## Problem statement
Copy the data below exactly, omitting any picture it contains.

## Dataset section
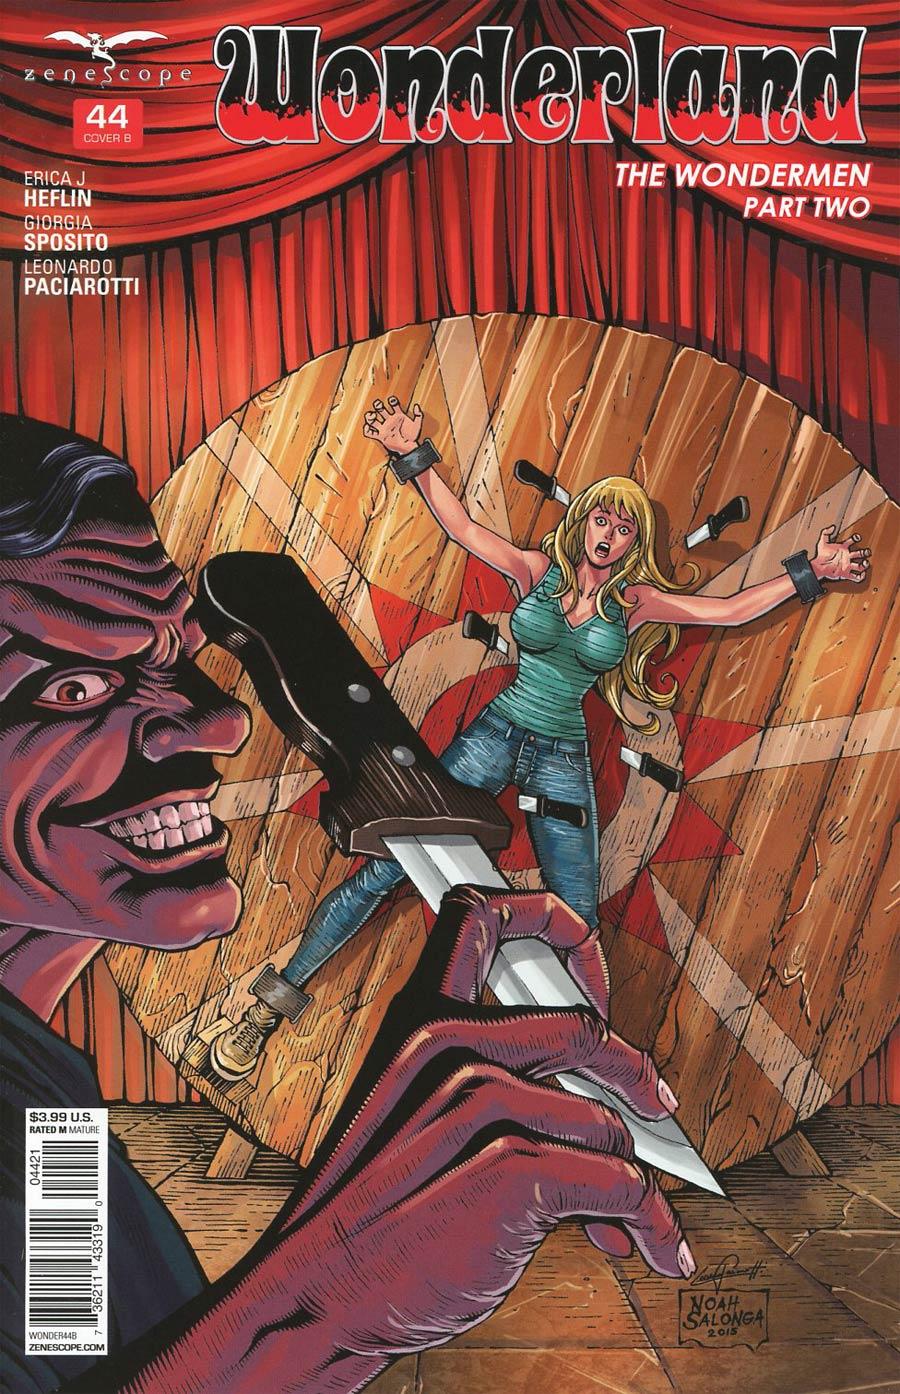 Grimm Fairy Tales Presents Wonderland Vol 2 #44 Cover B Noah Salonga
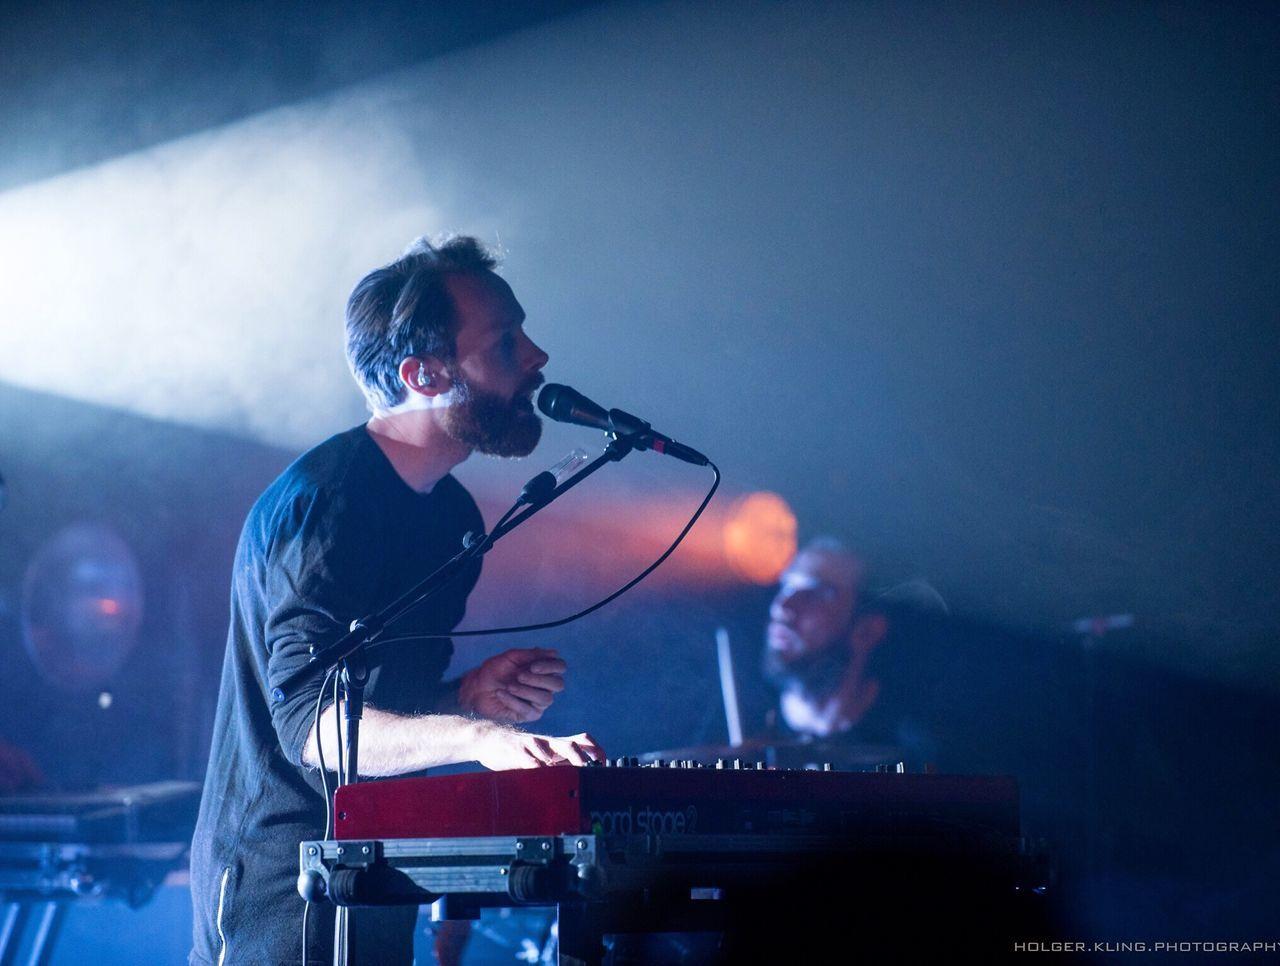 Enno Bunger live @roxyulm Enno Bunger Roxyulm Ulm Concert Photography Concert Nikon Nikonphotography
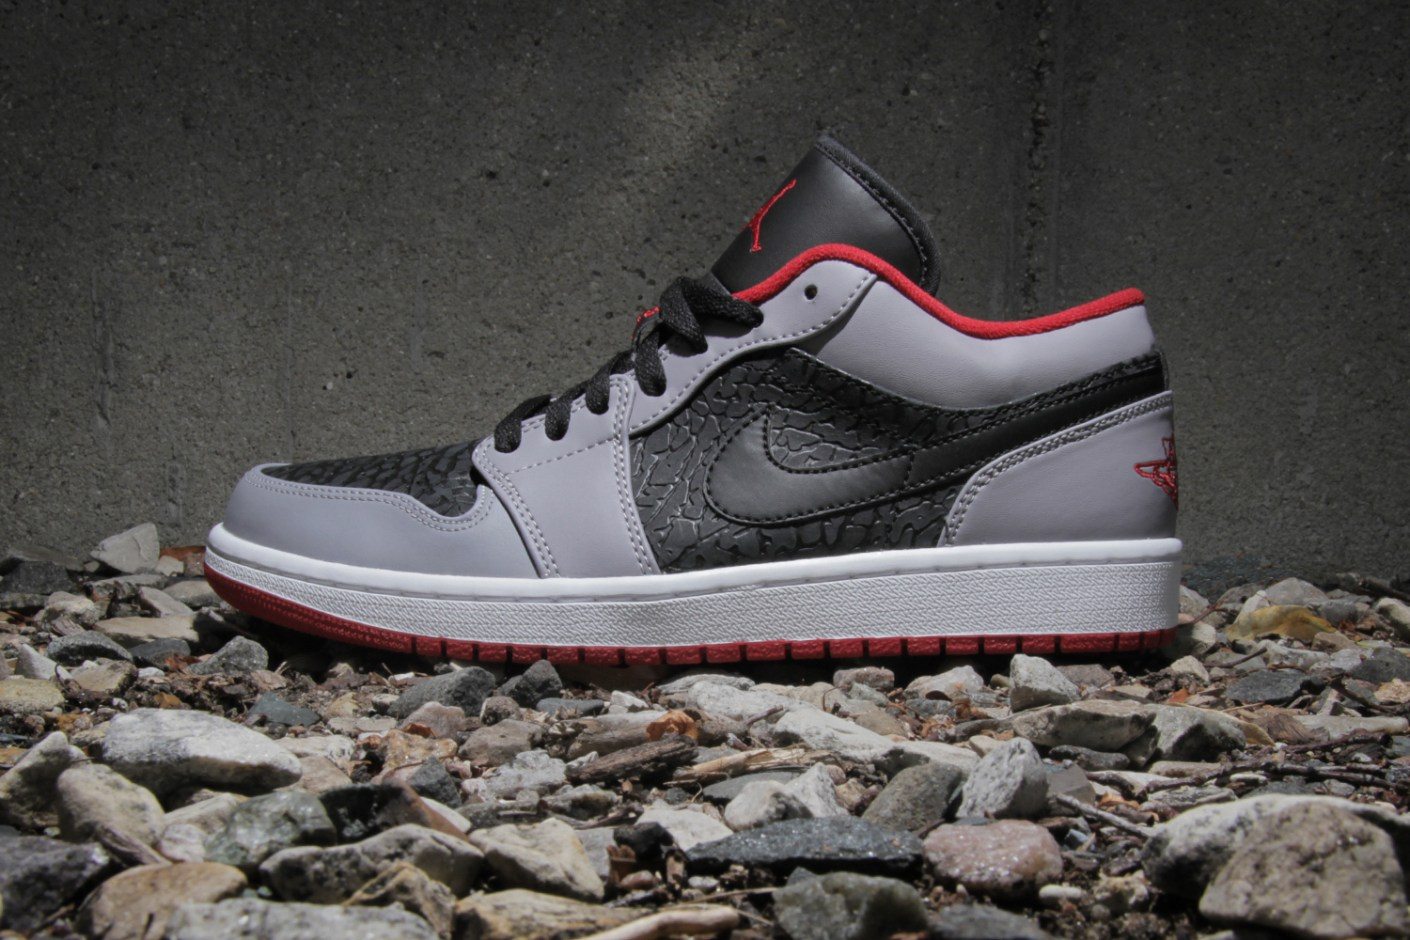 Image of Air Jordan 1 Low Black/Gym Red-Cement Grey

## Solution
 Grimm Fairy Tales Presents Wonderland Vol 2 #44 Cover B Noah Salonga
 Enno Bunger live @roxyulm Enno Bunger Roxyulm Ulm Concert Photography Concert Nikon Nikonphotography
 Image of Air Jordan 1 Low Black/Gym Red-Cement Grey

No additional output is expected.